How does Abundant work to classify failures?
1. Supervising agent logs and labelling edge cases
At Abundant, we have a dedicated team that reviews agent logs and identifies edge cases where agents either failed or needed human intervention. This process involves:
- Detailed analysis of task execution logs and outcomes
- Identifying patterns in failure modes across different tasks
- Labeling specific types of failures for future reference
2. Running online detection of failures
Next, we help you implement several of the approaches discussed above for online failure detection. This includes embedding-based failure detection using the database of failures built up from labeling, or model-based validation, and/or heuristic checks to identify potential issues during agent execution. When failures are detected, the system automatically triggers appropriate intervention (step 3).
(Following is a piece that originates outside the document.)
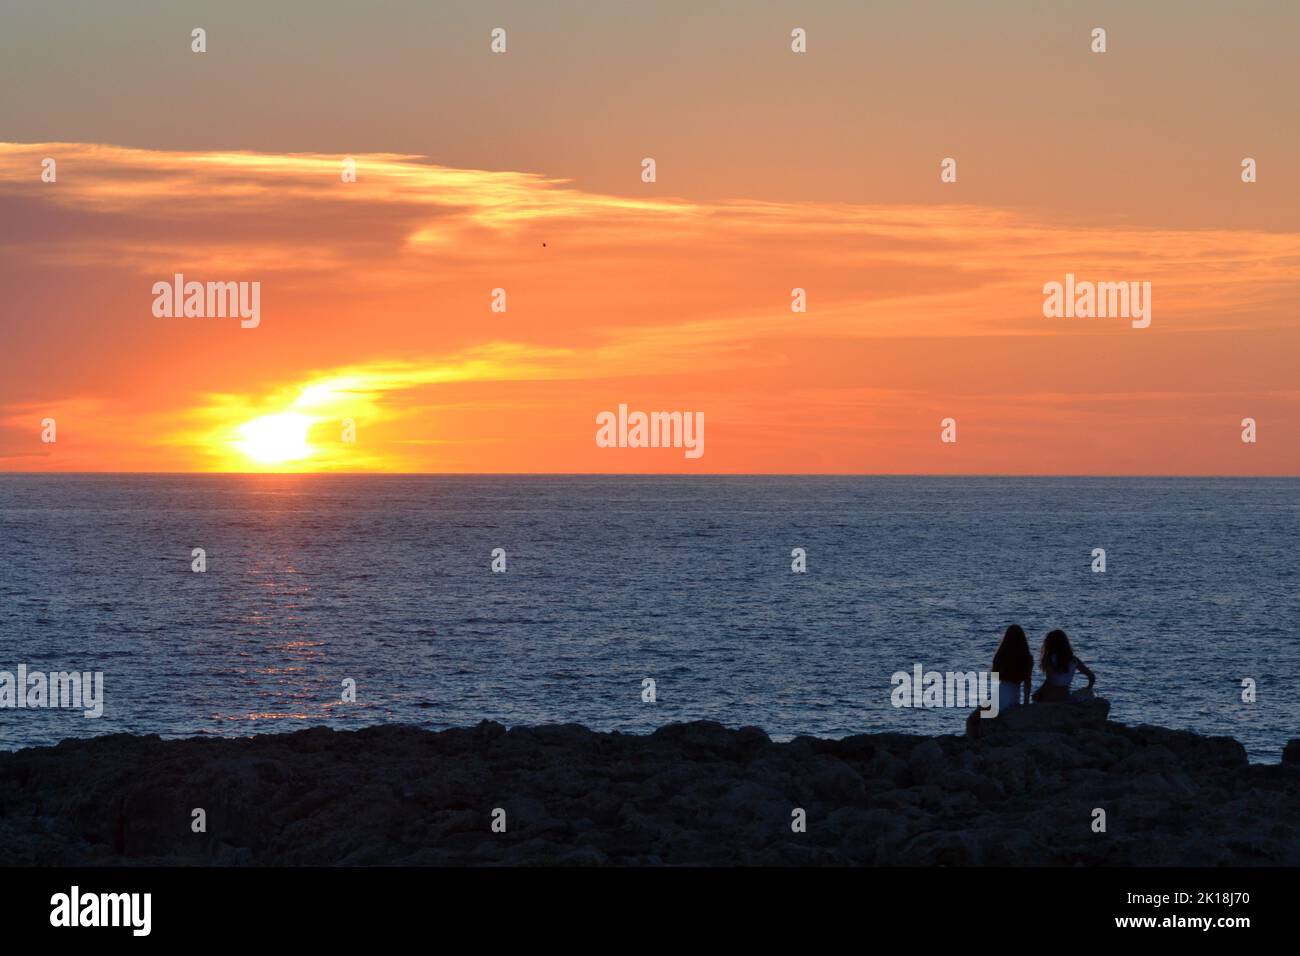 Sunset at Cala Blanca, near Cuitadella, Minorca, featuring couples silhouetted against the sky Stock Photo
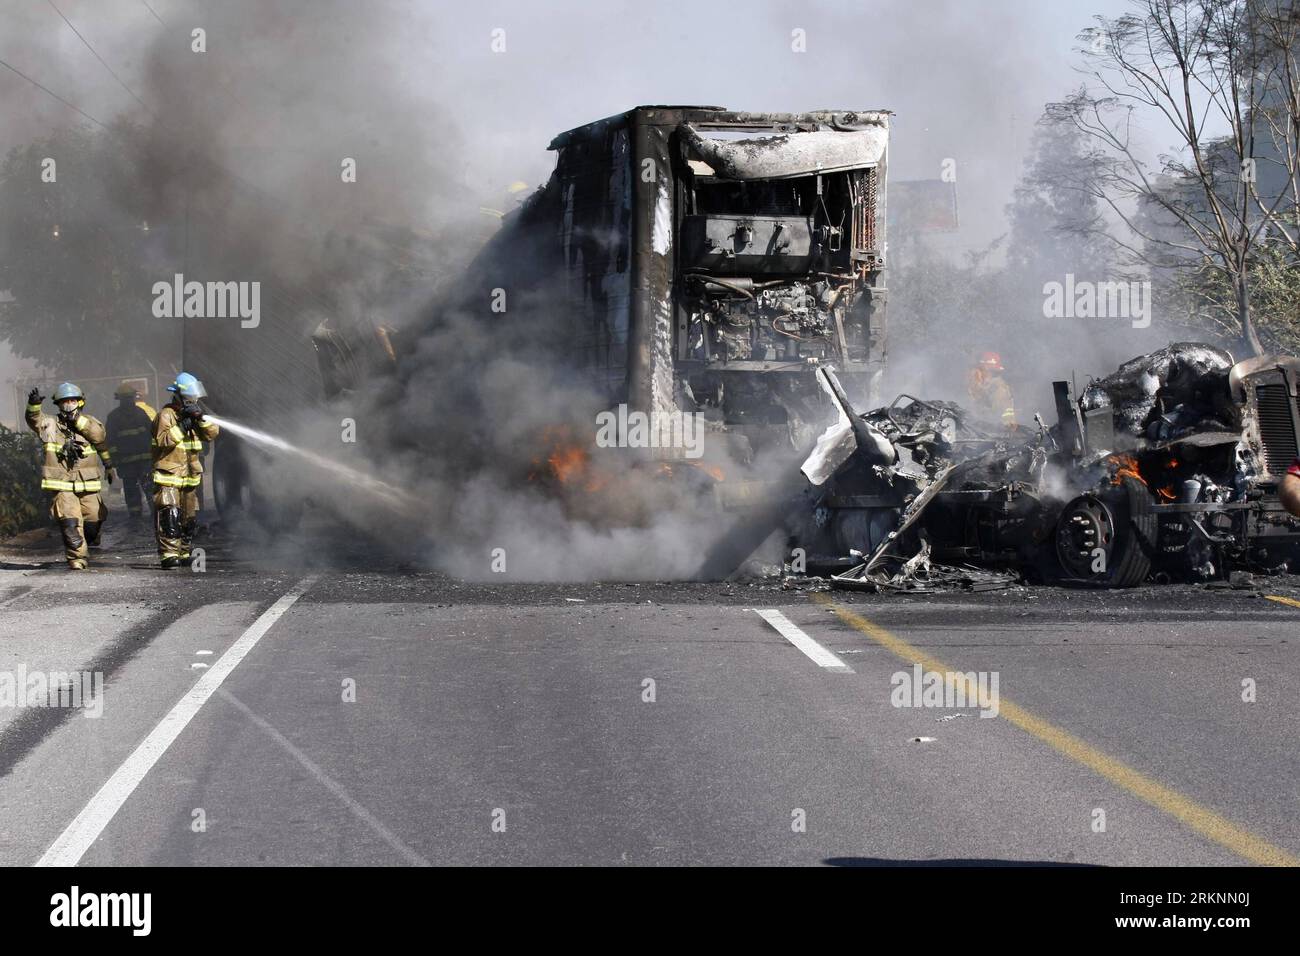 Bildnummer: 57330450  Datum: 09.03.2012  Copyright: imago/Xinhua (120310) -- GUADALAJARA, March 10, 2012 (Xinhua) -- Fire fighters try to extinguish a burning tractor trailer used as a roadblock during a series of clashes between authorities and the organized crime, in the city of Guadalajara, Mexico, March 9, 2012. Around 16 places of the metropolitan area of Guadalajara were affected with burned vehicles causing roadblocks. According to the local press, an operation was conducted by elements of the Mexican Army against the cartel of Jalisco Nueva Generacion (Jalisco s New Generation), one of Stock Photo

3. Handling failures via teleoperation
When failures are detected in our system, our skilled operators immediately step in through teleoperation to resolve the issue. This human-in-the-loop approach ensures 100% reliability to the end-user, preventing any catastrophic errors.
This combination of automated failure detection and expert human intervention allows us to maintain high reliability without having to have full supervision over every agent execution.
4. Collecting data for training and improvement
Our failure detection and teleoperation process generates valuable data that we collect and utilize in several ways:
- Human demonstrations during teleoperation serve as on-policy training data for improving agent behavior
- Successfully resolved cases become golden trajectories for evaluating agent performance
- These demonstrations help establish benchmarks for expected agent behavior in edge cases
This creates a virtuous cycle where real-world operation generates data that improves both our agents and our failure detection systems.
Appendix
Can we trust models to be well calibrated?
Calibration - how well a model's confidence matches its actual performance - was a major focus in the pre-LLM era. With modern LLMs, the focus has shifted more towards overall performance and capabilities rather than explicit calibration metrics.
However, there is emerging evidence that some specialized reasoning models, particularly those like O1 that are specifically trained for mathematical and logical reasoning tasks, demonstrate good calibration properties. These models seem to be better at expressing appropriate levels of uncertainty when faced with challenging problems.
See ‣ and ‣ for more details.
For practical failure detection purposes, we generally find that explicit validation approaches are more reliable than trying to leverage model calibration directly.